Não é possível que V. Exas. que assistem aos Cortejos das
Queimas das Fitas, ou do "Enterro da Gata" no caso, tenham a ousadia de
pensar que aquela quantidade enorme de Jovens é toda um bando de "gente
que não sabe o que faz", ou que "é maluca para andar naquelas coisas a
ser humilhada", ou mesmo para chorar copiosamente abraçados uns aos
outros e aos seus doutores no final de cada cortejo.
Eles choram
Sr. Dr. porque sabem que são um. Eles choram Sr. Dr. porque sabem que as
atenções e o carinho que durante um ano receberam dos mais velhos acaba
naquele momento. Eles choram Sr. Dr. porque não têm a certeza se serão
capazes de dar aos outros o que a eles foi dado. Eles choram Sr. Dr.

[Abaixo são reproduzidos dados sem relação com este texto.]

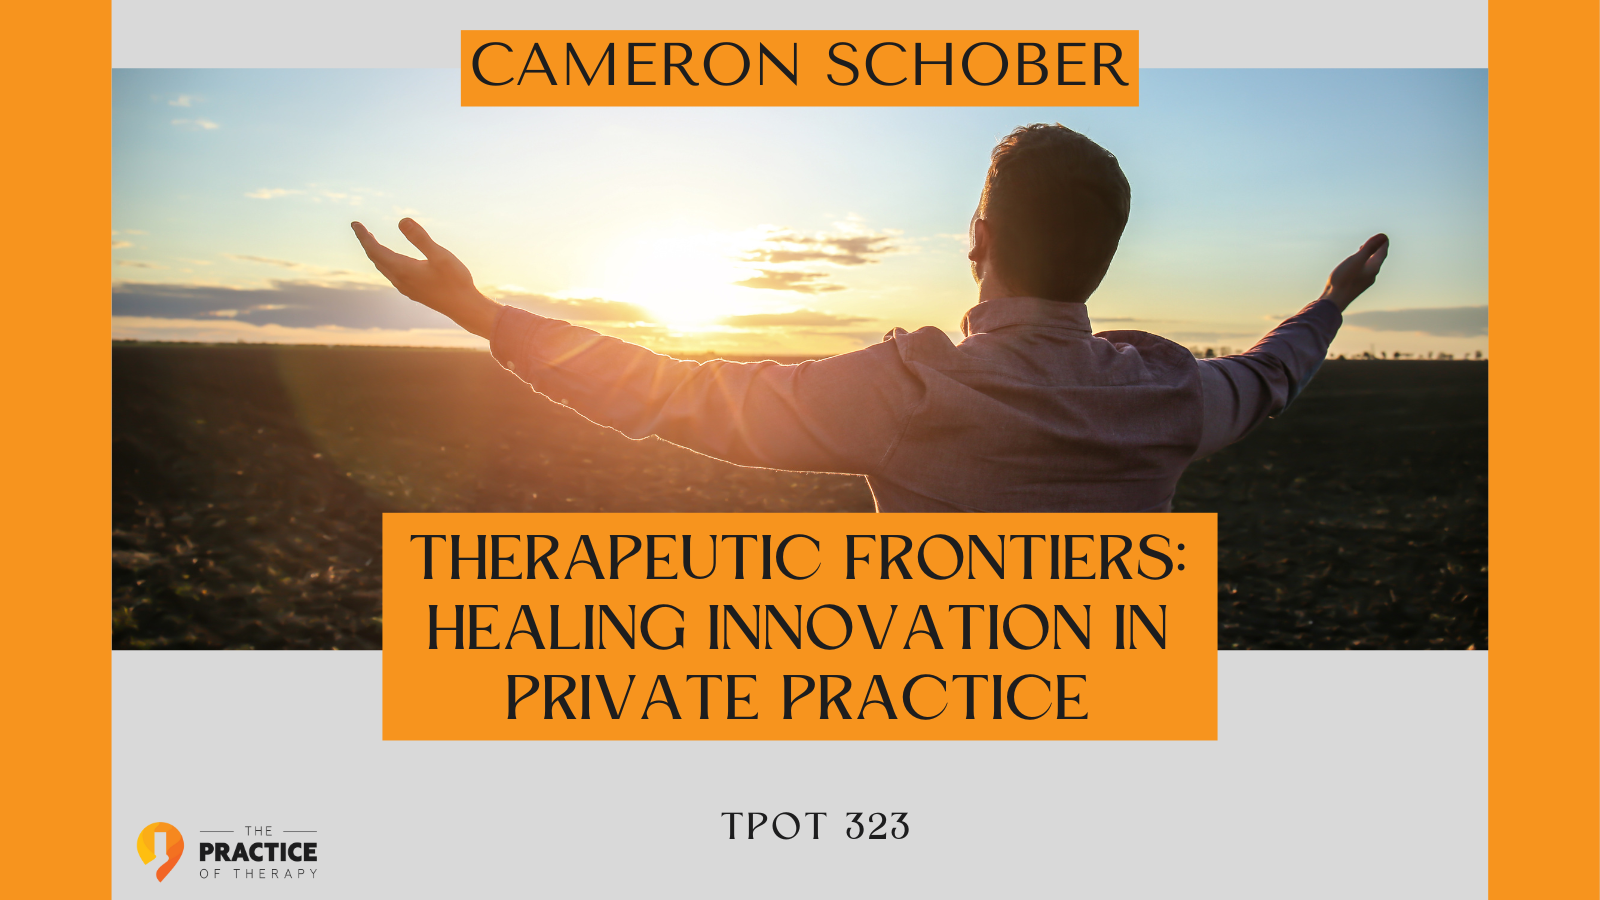 Cameron Schober Therapeutic Frontiers Healing Innovation in Private Practice TPOT 323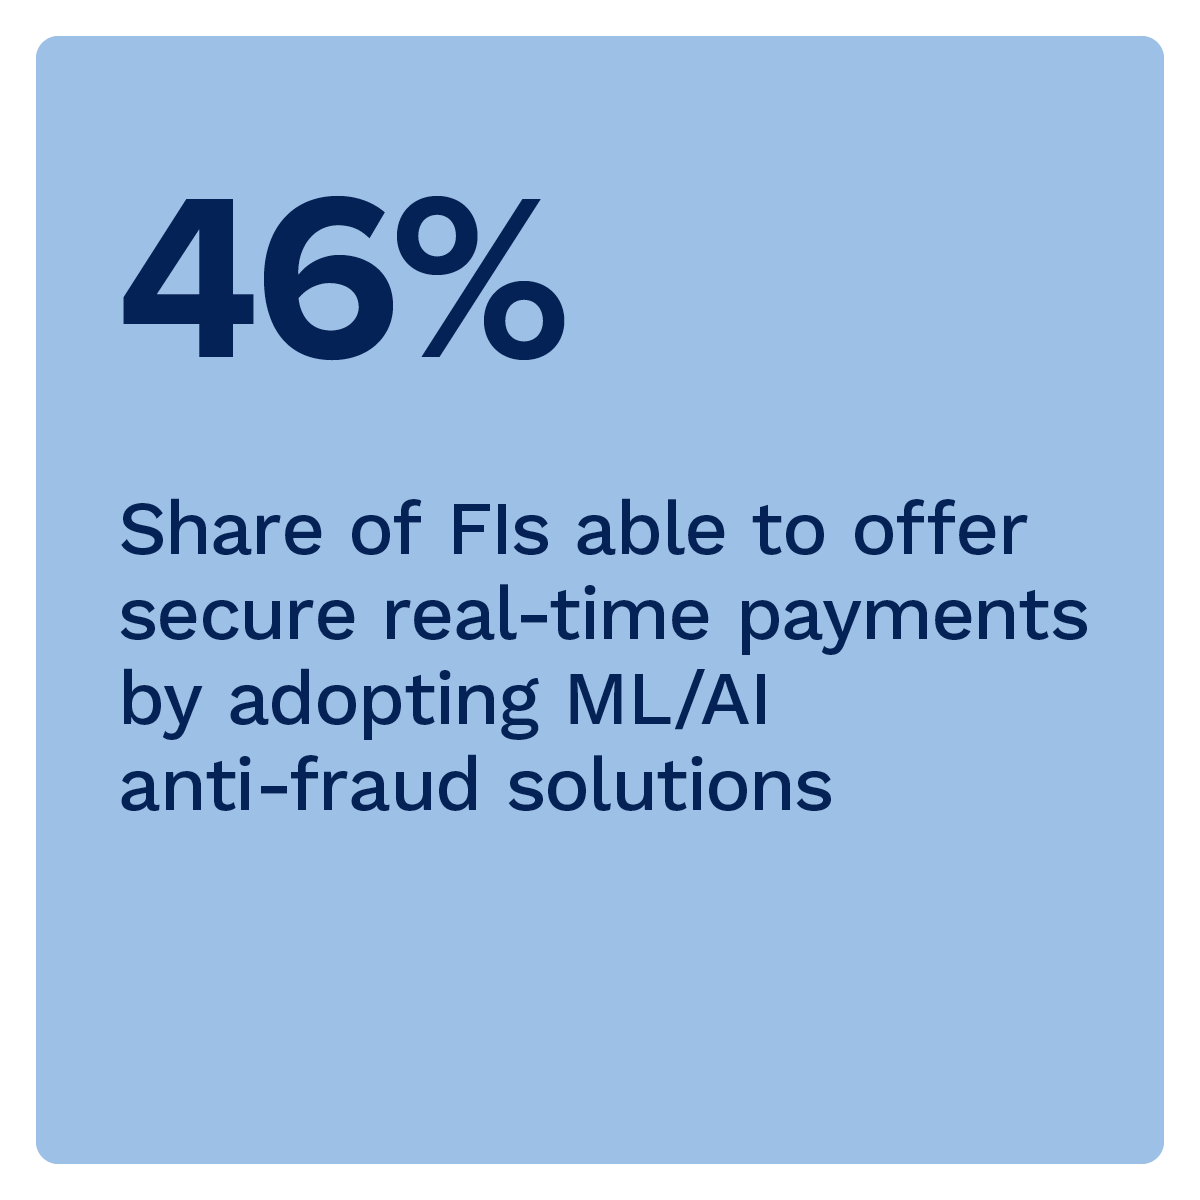 46%: Share of FIs able to offer secure real-time payments by adopting ML/AI anti-fraud solutions

porque não são Veteranos, se o fossem tinham a certeza que Tradição
Académica é Vida e Paixão" e que aquelas lágrimas já são uma primeira
demonstração da sua Paixão.
Mas sabe, Sr. Dr. a Tradição Académica
tem um enorme problema para resolver. É que cada vez existem mais
académicos e cada vez se torna mais dificil ensinar a viver e sentir o
que é "Ser Académico". Eu já ensinei algumas gerações, agora tenho
reparado como ensinam a minha fillha, e devo-lhe dizer que sinto um
enorme Orgulho em ver a minha filha de "Capa e Batina" a receber
caloiros, e de a ver na Tuna Académica, outro elemento das Tradições
Académicas que V. Exas. infelizmente só se lembram quando vos dá jeito.
Sabe, Sr. Dr. sigo com olhar atento e de "veterano" as praxes que lhe
fizeram e devo afirmar-lhe que estou imensamente grato aos "doutores e
veteranos" que a ensinaram porque consigo ver nos olhos dela não a minha
paixão, porque essa é muito minha, mas a paixão que ela tem pela mesma
Tradição que o Pai tanto defendeu, defende e defenderá sempre que
necessário.
Finalizando gostaria de lhe dizer que no "Dura Praxis
Sed Praxis" sempre esteve incluído o seu "Utilis Praxis Sed Praxis" é
necessário é que se esteja mais Atento.